Add Function Calling support and OpenAI Style Conversion by saivishwak · Pull Request #908 · utilityai/llama-cpp-rs

saivishwak · 2026-01-22T16:46:06Z

Added full llama.cpp function‑calling support with OpenAI‑style chat compatibility, matching server behavior end‑to‑end.
Exposed granular raw bindings in llama-cpp-sys-2 (chat templates, parsers, grammar triggers, preserved tokens, streaming diffs).
Implemented safe Rust wrappers in llama-cpp-2, including OpenAI chat message types and streaming delta parsing.
Fixed grammar sampler crashes by aligning sampling flow with llama.cpp (avoid double‑accept).
Added new examples/tools.rs showing Tool Calling
Added new examples/openai_stream.rs showing OpenAI conversion with streaming.

saivishwak · 2026-01-22T16:51:56Z

Streaming Example with Tools

cargo run --features cuda --release --example openai_stream -- hf-model TheBloke/Llama-2-7B-GGUF llama-2-7b.Q4_K_M.gguf

Output

Streaming deltas:
{"tool_calls":[{"function":{"arguments":"","name":"get_weather"},"id":"cyrkrUxsxp2KRhcU5y0UP5yunfiFwK1f","index":0,"type":"function"}]}
{"tool_calls":[{"function":{"arguments":"{"},"index":0}]}
{"tool_calls":[{"function":{"arguments":"\""},"index":0}]}
{"tool_calls":[{"function":{"arguments":"city"},"index":0}]}
{"tool_calls":[{"function":{"arguments":"\":"},"index":0}]}
{"tool_calls":[{"function":{"arguments":"\""},"index":0}]}
{"tool_calls":[{"function":{"arguments":"Par"},"index":0}]}
{"tool_calls":[{"function":{"arguments":"is"},"index":0}]}
{"tool_calls":[{"function":{"arguments":"\","},"index":0}]}
{"tool_calls":[{"function":{"arguments":"\""},"index":0}]}
{"tool_calls":[{"function":{"arguments":"unit"},"index":0}]}
{"tool_calls":[{"function":{"arguments":"\":"},"index":0}]}
{"tool_calls":[{"function":{"arguments":"\""},"index":0}]}
{"tool_calls":[{"function":{"arguments":"c"},"index":0}]}
{"tool_calls":[{"function":{"arguments":"\""},"index":0}]}
{"tool_calls":[{"function":{"arguments":"}"},"index":0}]}

Final message:
{
  "content": null,
  "role": "assistant",
  "tool_calls": [
    {
      "function": {
        "arguments": "{\"city\":\"Paris\",\"unit\":\"c\"}",
        "name": "get_weather"
      },
      "id": "6jYW4BsvCRuduDwghsKLzgiyTrWsv49Q",
      "type": "function"
    }
  ]
}

MarcusDunn · 2026-01-23T18:57:33Z

I'll try to get around to reviewing this this weekend. Thanks for the PR.

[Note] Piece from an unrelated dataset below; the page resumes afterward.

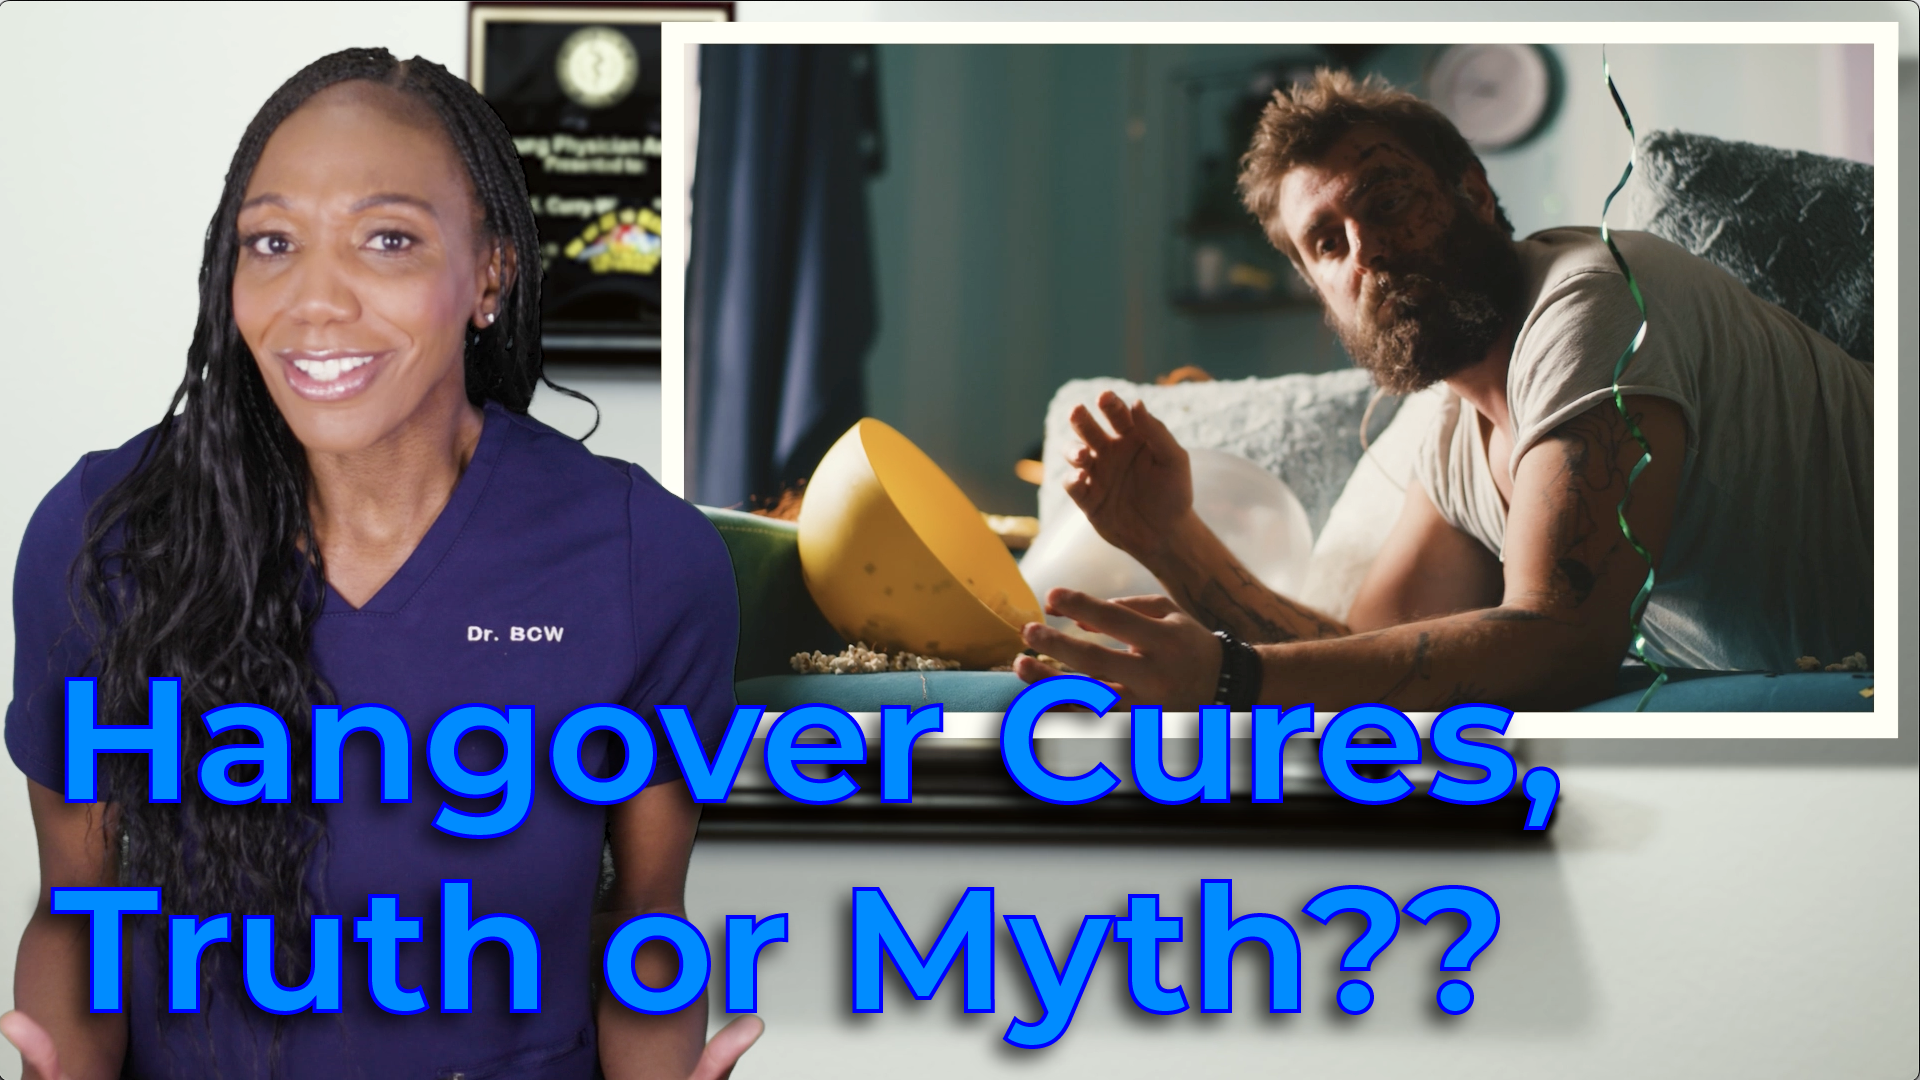 Hangover Cures Truth or Myth, Dr. BCW, beyond clinical walls

saivishwak · 2026-01-23T20:59:00Z

I'll look into the failures and conflicts, Also planning on some small refactoring.

Thanks

saivishwak · 2026-01-24T15:45:55Z

Refactored with minial API policy and also added OpenAI style Chat Completions server example

curl --location 'localhost:8080/v1/chat/completions' \
--header 'Content-Type: application/json' \
--data '{
    "model": "dummy-model",
    "messages": [
        {
            "role": "system",
            "content": "You are an helpful assistant Tess"
        },
        {
            "role": "user",
            "content": "What is your name?"
        }
    ]
}'

---- OUTPUT ---

{"choices":[{"finish_reason":"stop","index":0,"message":{"content":"Hi there! My name is Tess, and I'm here to assist you with any questions or tasks you may have. I'm a helpful assistant, and I'm always happy to lend a hand. What can I help you with today?","role":"assistant"}}],"created":1769269333,"id":"chatcmpl-1769269333","model":"dummy-model","object":"chat.completion","usage":{"completion_tokens":48,"prompt_tokens":26,"total_tokens":74}}

saivishwak · 2026-02-03T11:24:45Z

Hey @MarcusDunn ,

Hope you are doing great.

Wanted to know, when can we review this pr and get it into the next version.

Thnks

MarcusDunn · 2026-02-03T15:03:16Z

llama-cpp-2/src/lib.rs

+        llama_cpp_sys_2::llama_rs_json_schema_to_grammar(schema_cstr.as_ptr(), false, &mut out)
+    };
+
+    let result = (|| {


is this a lambda for a reason? can it just be a block?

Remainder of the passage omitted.